PrivacyConsumers Consider Third-Party Use of Personal Location Data as Privacy Violations

Published 11 August 2020

The National Security Agency issued a warning to its employees 4 August that cellphone location data could pose a national security risk. But how do consumers feel about their location data being tracked and sold? New research yielded surprising results.

The National Security Agency issued a warning to its employees 4 August that cellphone location data could pose a national security risk.

The data, which is collected and sold for advertising and marketing purposes, “can reveal details about the number of users in a location, user and supply movements, daily routines and can expose otherwise unknown associations between users and locations,” according to the warning.

But how do consumers feel about their location data being tracked and sold? New research from the University of Notre Dame yielded surprising results.

“What is it about location?” published in the July issue of the Berkeley Technology Law Journal by Kirsten Martin, the William P. and Hazel B. White Center Professor of Technology Ethics at Notre Dame’s Mendoza College of Business, and Helen Nissenbaum from Cornell Tech, showed that people are nuanced about how their location is tracked.

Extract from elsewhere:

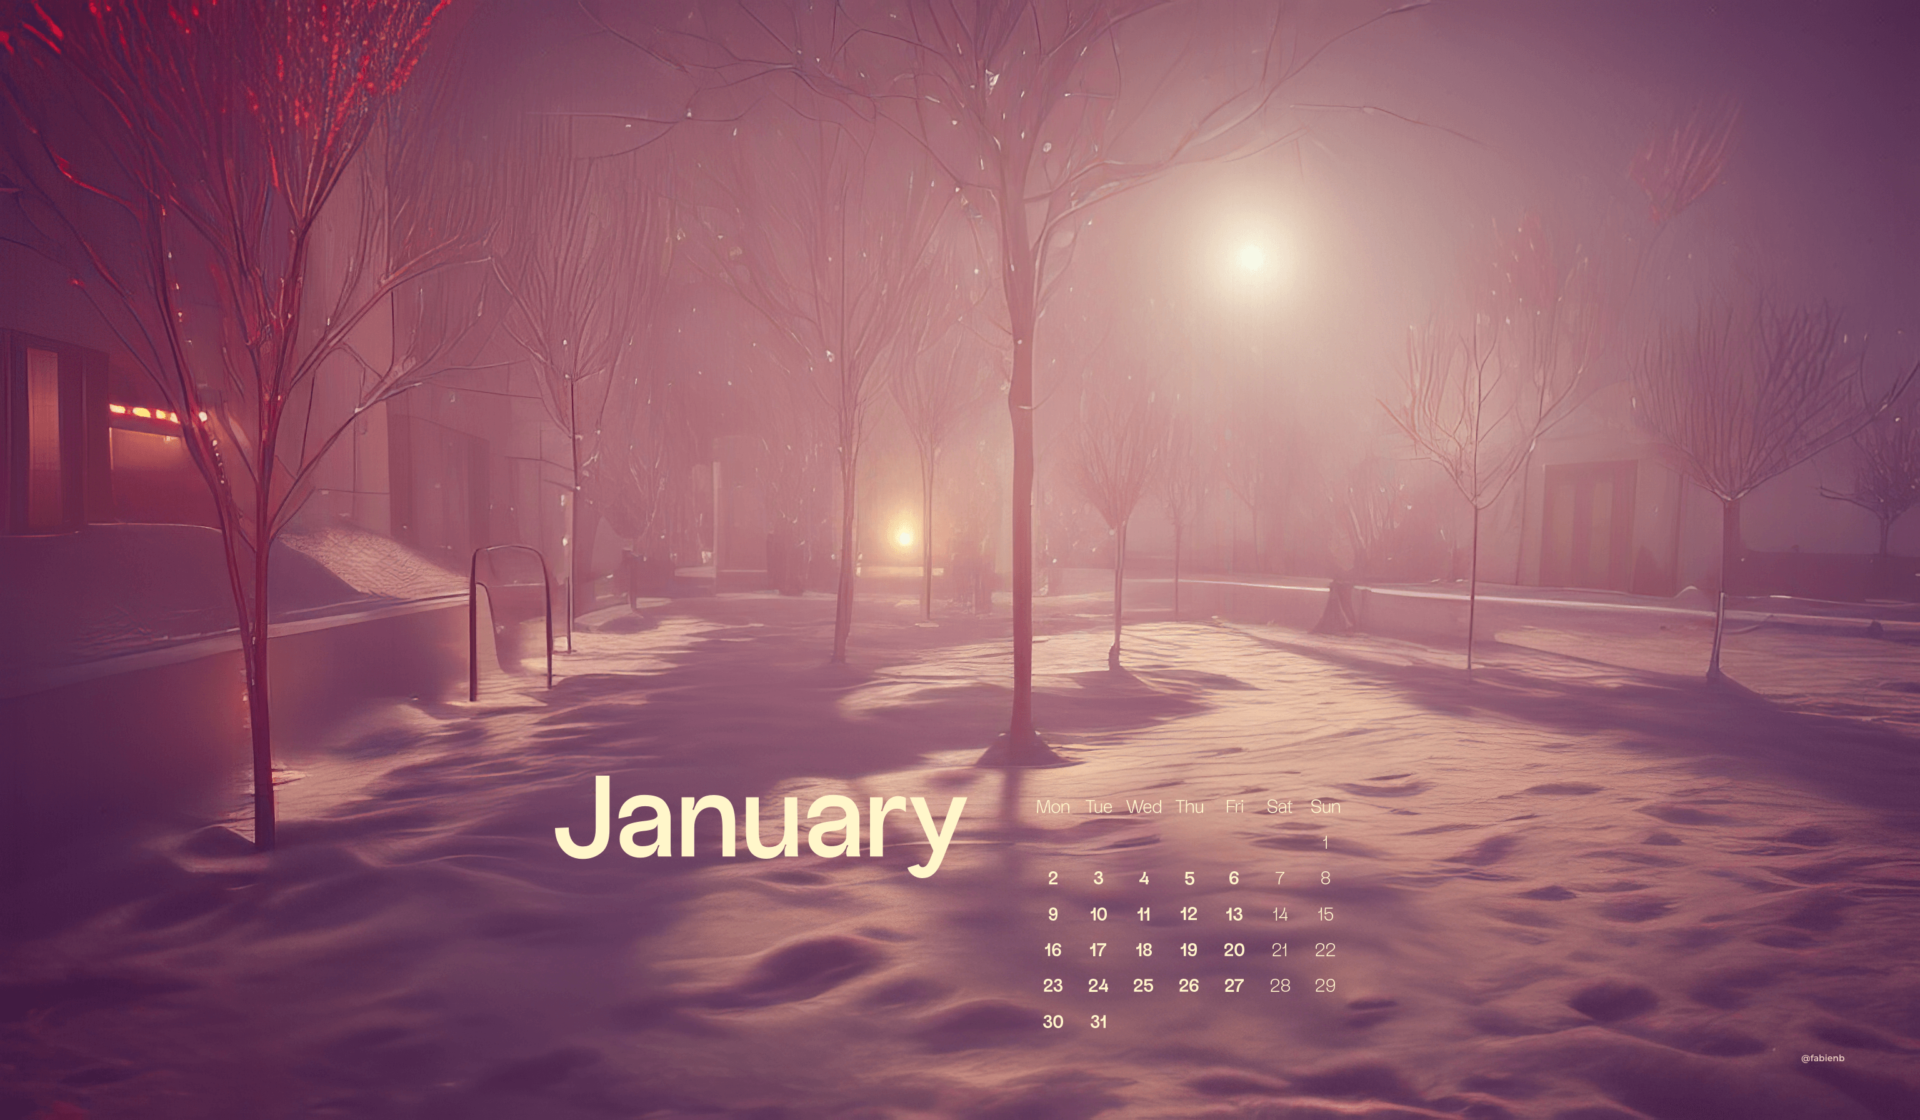 AI Desktop Calendar wallpapers January 2023 Stable Diffusion Midjourney fabienb

They don’t appreciate it if, say, their location data is used to identify if they are voting or attending a protest, but approve if location data is used by a family member to figure out if they are home. Also, overwhelmingly, people are not comfortable with third-party location data brokers, or data aggregators, collecting for any reason.

Notre Dame notes that it’s common knowledge that tech companies mine users’ personal information. Apps often collect and share location data with aggregators, who then sell it to corporate and government customers. Privacy issues involving TikTok, Facebook and others have repeatedly been documented in national news stories. Martin said, in her study, respondents were OK with some aspects of location data collection, and not OK with others.

“They didn’t seem to mind as much if employers collecting their data could identify if they were at work, but they did mind if their employer figured out they frequented a liquor store or attended a protest,” said Martin, a nationally recognized expert in privacy, technology and corporate responsibility at Notre Dame’s Technology Ethics Center. “However, they did not like data aggregators collecting their data. They consistently rated the collection of location data by aggregators for any reason as not OK — and by a large margin.”